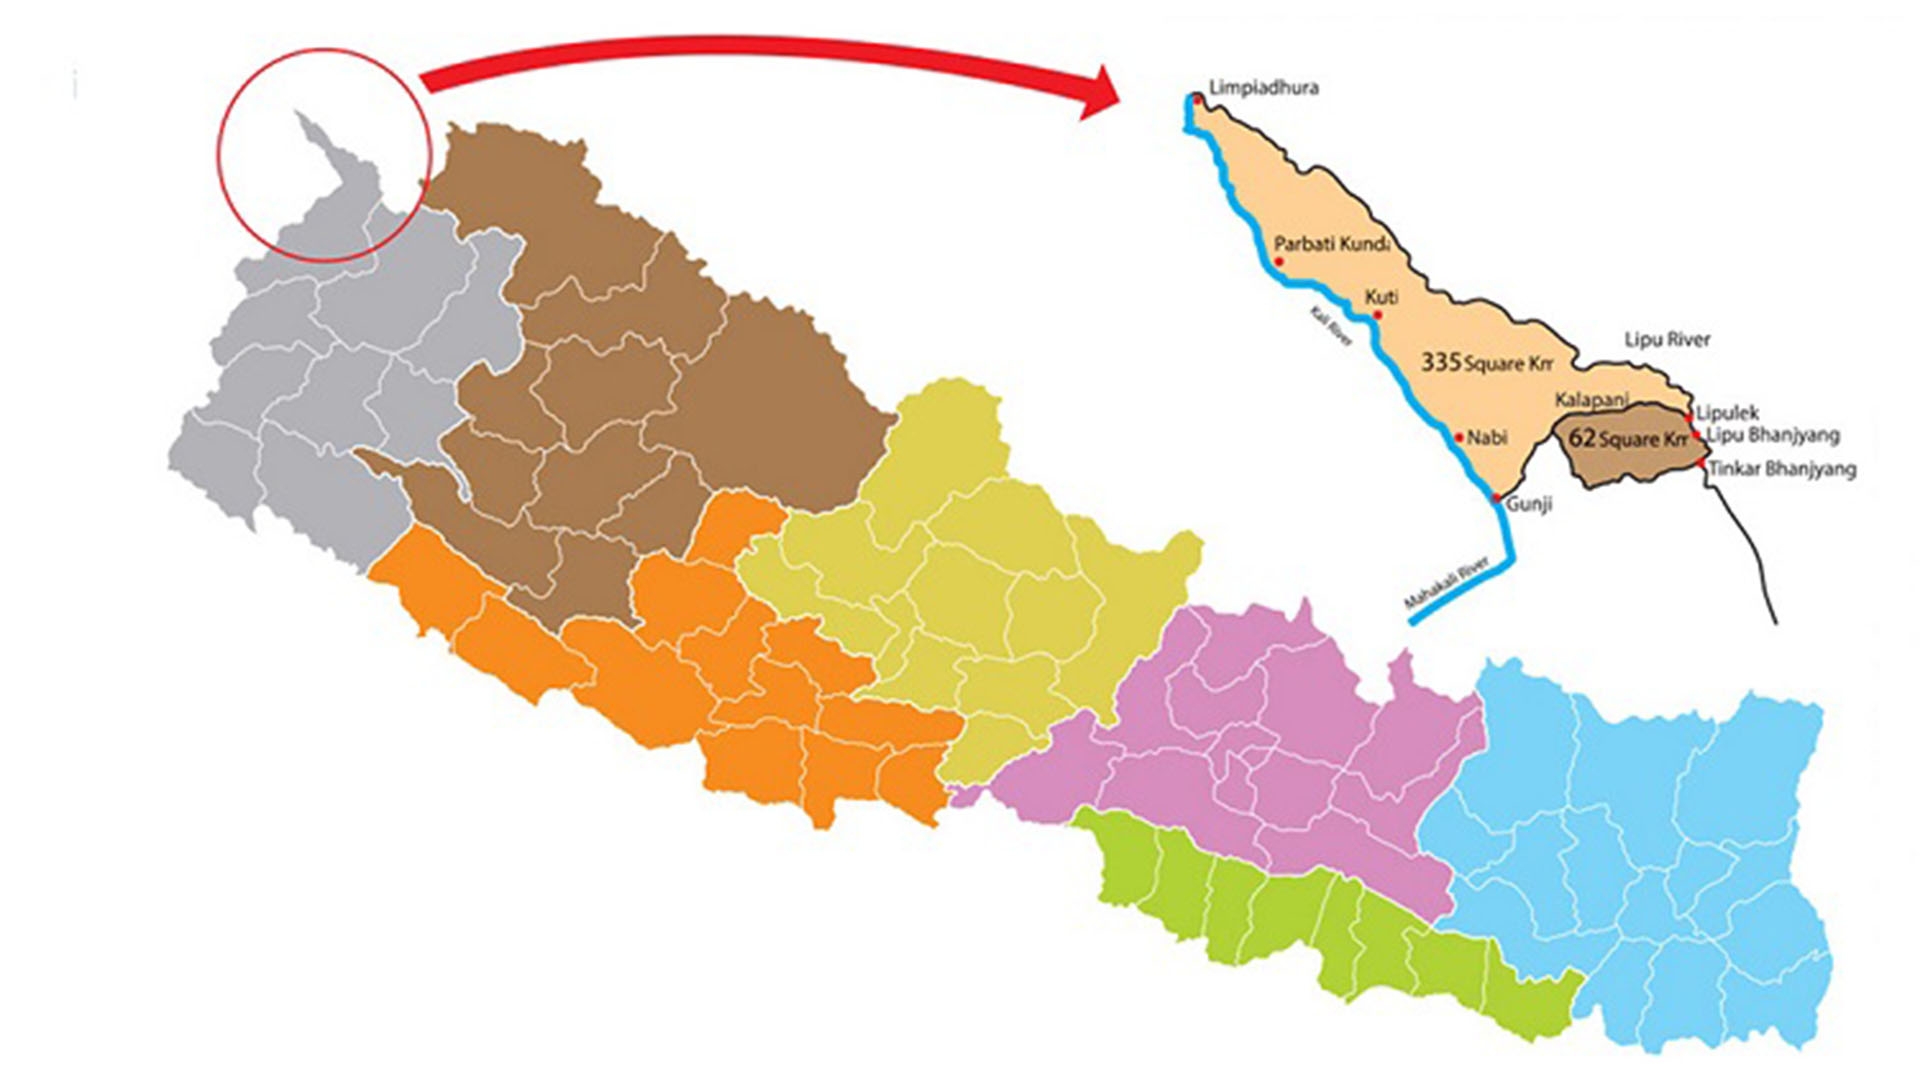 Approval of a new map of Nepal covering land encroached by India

* * *

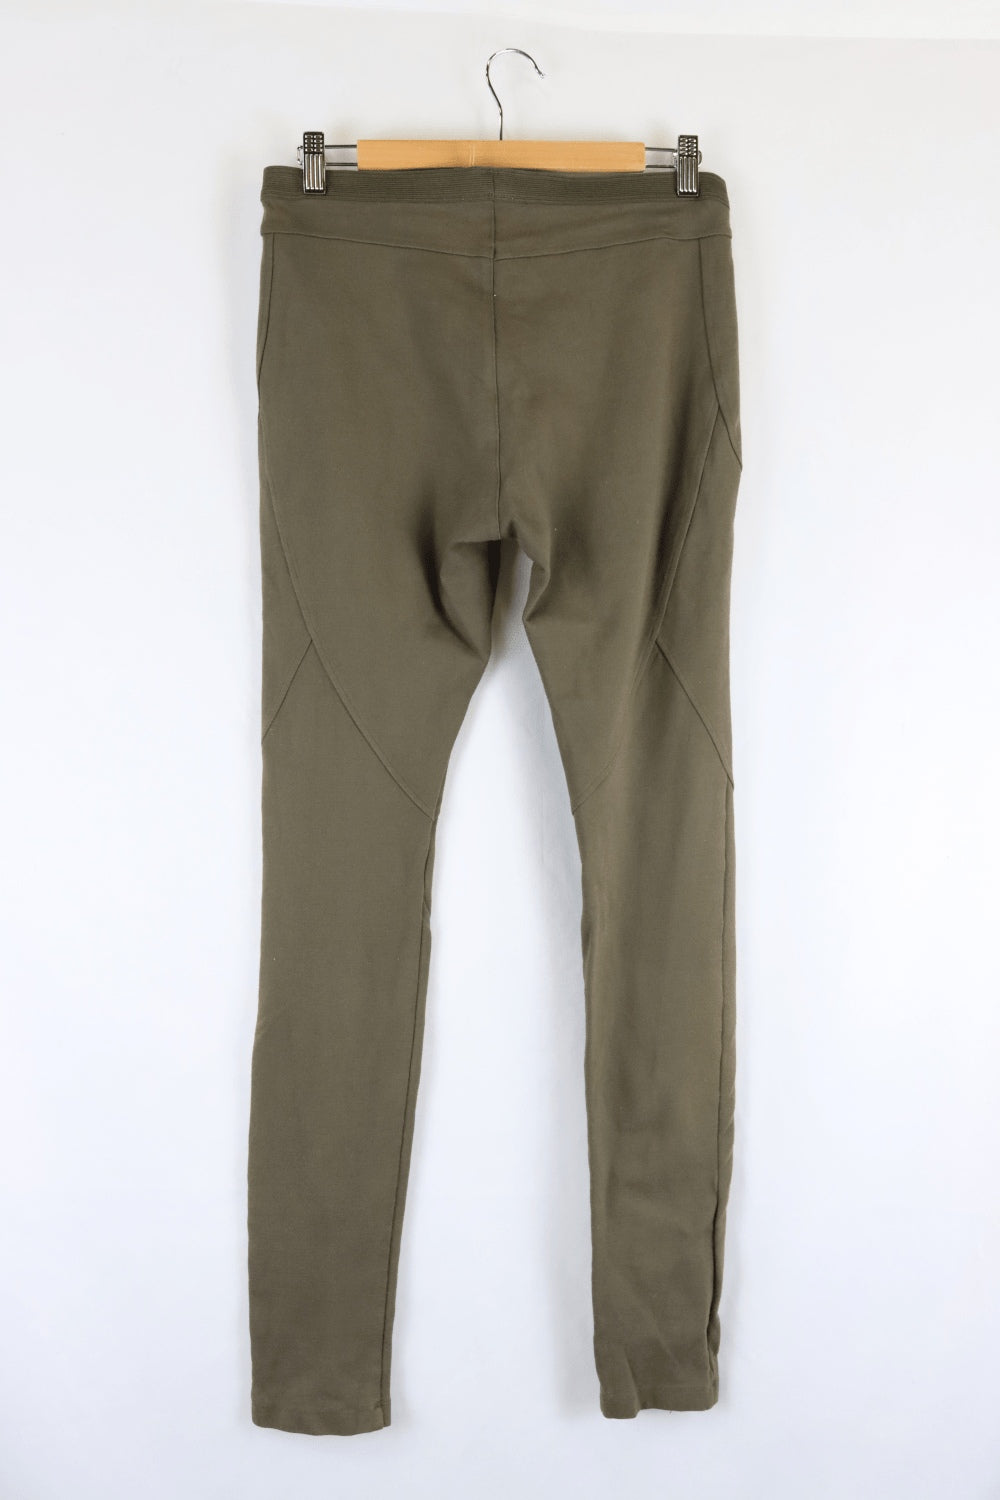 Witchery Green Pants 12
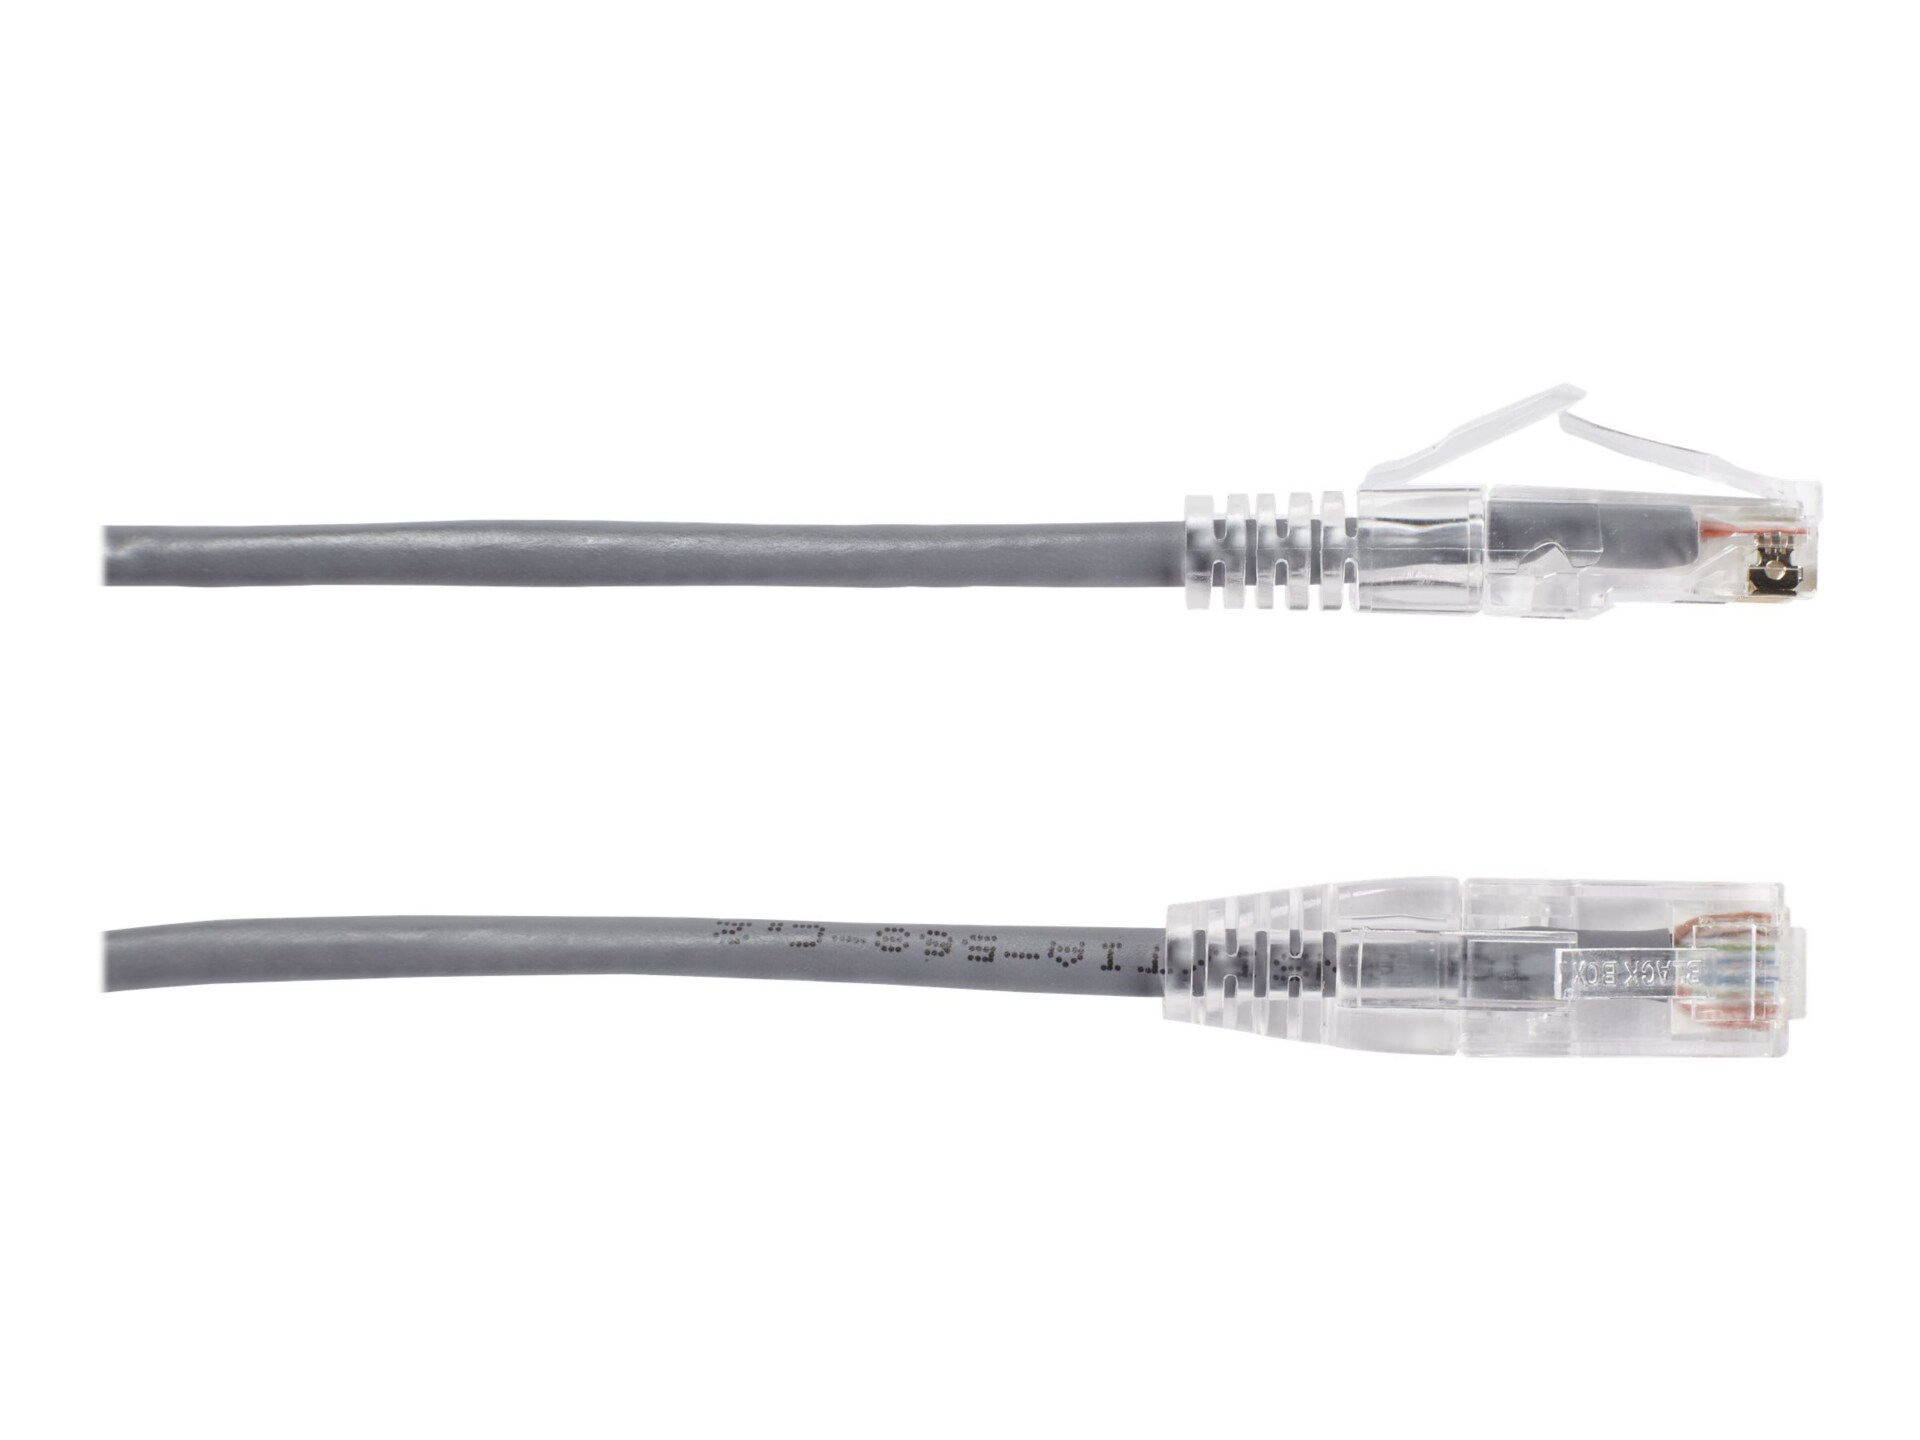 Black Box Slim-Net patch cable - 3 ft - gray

---

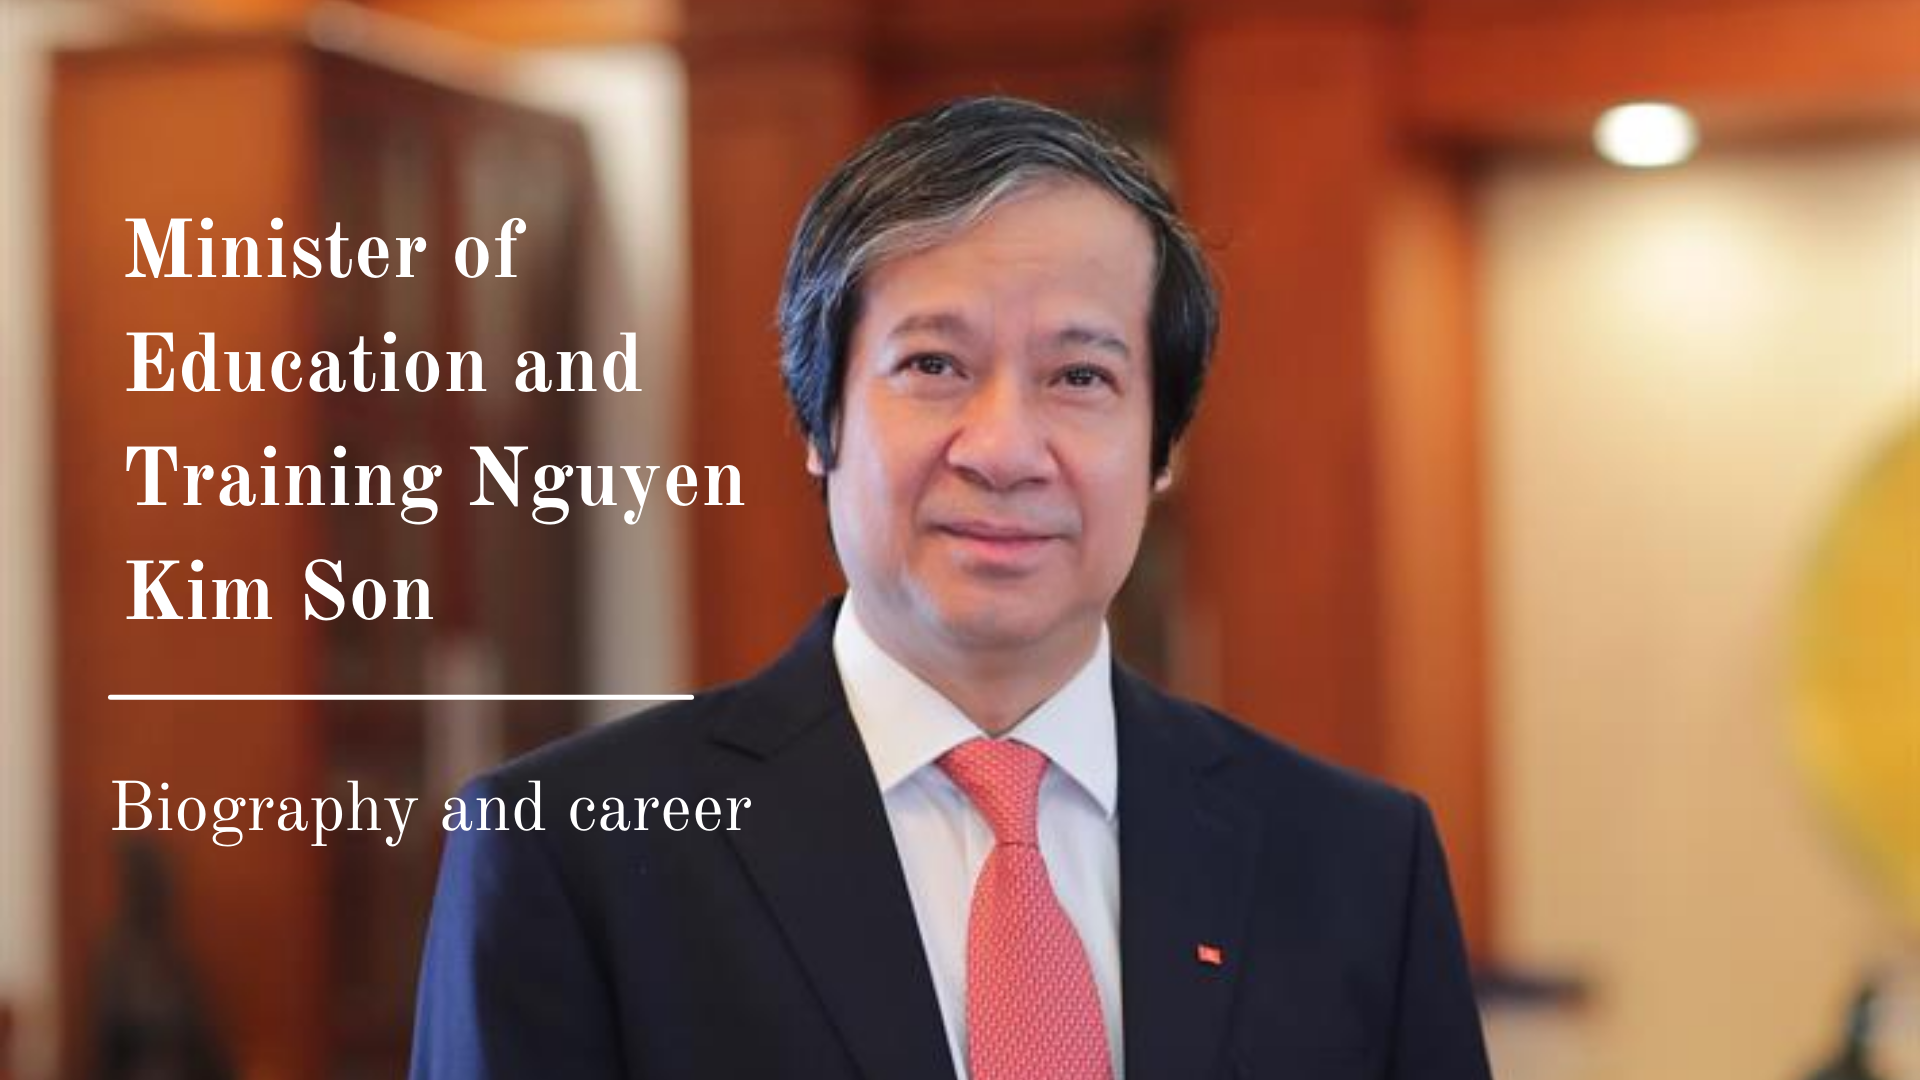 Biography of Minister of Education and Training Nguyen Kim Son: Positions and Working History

(Task brief) The stretch to restate runs from the line above containing "Witchery Green Pants 12" through the line containing "Black Box Slim-Net patch cable - 3 ft - gray". Copy it word for word, ends included, without pictures.

(Finished task)
 Witchery Green Pants 12
 Black Box Slim-Net patch cable - 3 ft - gray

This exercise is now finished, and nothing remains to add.